The incident marked the second time American fighter jets have taken down an object flying over US airspace in a little less than a week after a suspected Chinese spy balloon was shot down off the coast of South Carolina last Saturday.

John Kirby, National Security Council coordinate for strategic communications, told the press on Friday that the Department of Defense was following an object over Alaska airspace.

Ryder said that the Defense Department had no details about the object’s “capabilities, purpose or origin.” He added the object posed a reasonable threat to the safety of civilian flight, noting that “the object was about the size of a small car, so not similar in size or shape to the high altitude surveillance balloon that was taken down off the coast of South Carolina on February 4.”
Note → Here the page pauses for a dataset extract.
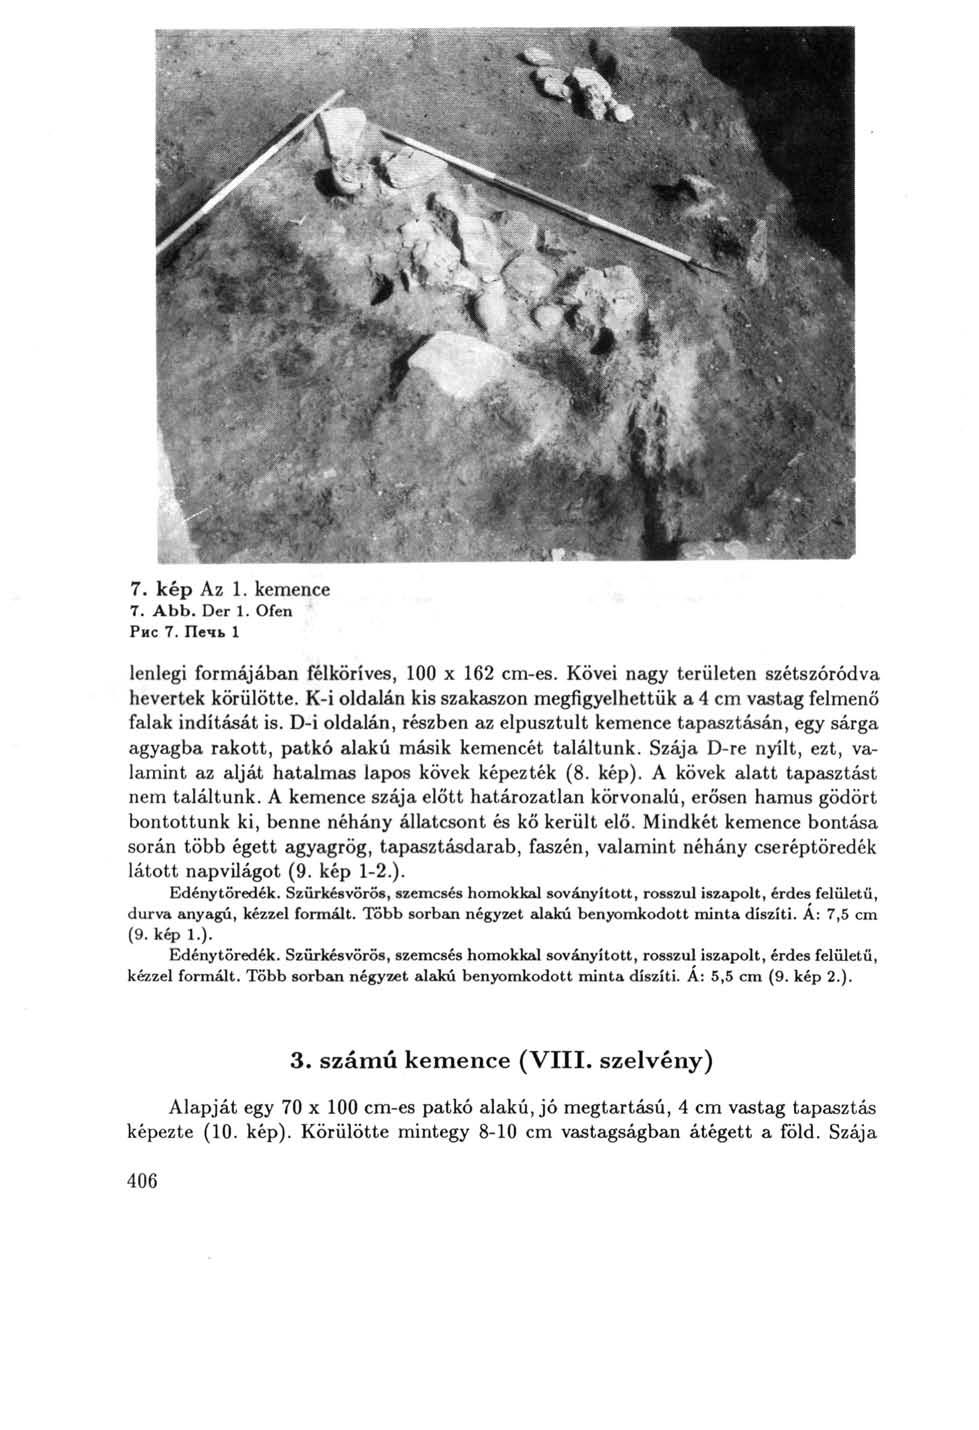 7. kép Az 1. kemence 7. Abb. Der 1. Ofen Рис 7. Печь 1 lenlegi formájában félköríves, 100 x 162 cm-es. Kövei nagy területen szétszóródva hevertek körülötte.

There were two efforts to get closer to the object and evaluate it as it flew. Fighter aircraft made their first engagement late Thursday night and then again early Friday. Kirby told reporters that both engagements yielded limited information.

Kirby explained that they were able to get some fighter aircrafts up and around it before the order to shoot it down.

Biden, at the recommendation of the Pentagon, ordered the military “to down the object and they did,” Kirby added. The object came inside territorial airspace and was brought down by fighter aircraft assigned to US Northern Command. It went down over frozen Arctic Ocean waters near the Canadian border and northeastern Alaska. The US is expecting to recover the debris.

The operation was coordinated by the US Northern Command’s Alaska Command, which received assistance from the Alaska Air National Guard, Federal Aviation Administration and the FBI.

Source: https://www.cnn.com/2023/02/10/politics/biden-alaska-military-down/index.html

The Deadhorse Object: A Candidate Chinese Spy Balloon and Its Implications for the UFOs

The best description we have is that which we are calling an object. We don’t know who owns it – whether it’s state-owned or corporate-owned or privately-owned, we just don’t know,” Kirby said.

The object came to the US government’s attention last night. Biden was first briefed Thursday night “as soon as the Pentagon had enough information,” Kirby said.

The object “did not appear to be self-maneuvering, and therefore, (was) at the mercy of prevailing winds,” making it “much less predictable,” said Kirby.

The Federal Aviation Administration issued a temporary flight restriction Friday in the area around Deadhorse, Alaska, as the military took action against the object.

The Biden administration has faced questions over its handling of a suspected Chinese spy balloon that floated across the nation last week before being shot down in the Atlantic Ocean off the coast of the Carolinas on Saturday.

The president has stood by the way he and his administration handled the balloon, but has come under fire from Republicans for allowing it to fly over the country before shooting it down.

This is part of a relatively new push by Congress and the Pentagon to make sense of more than 500 credible UFO sightings over the past couple of decades.

Congress should convene hearings to get to the bottom of this. The public has a right to understand why objects are flying around in American airspace that the Pentagon and the US intelligence community can’t identify.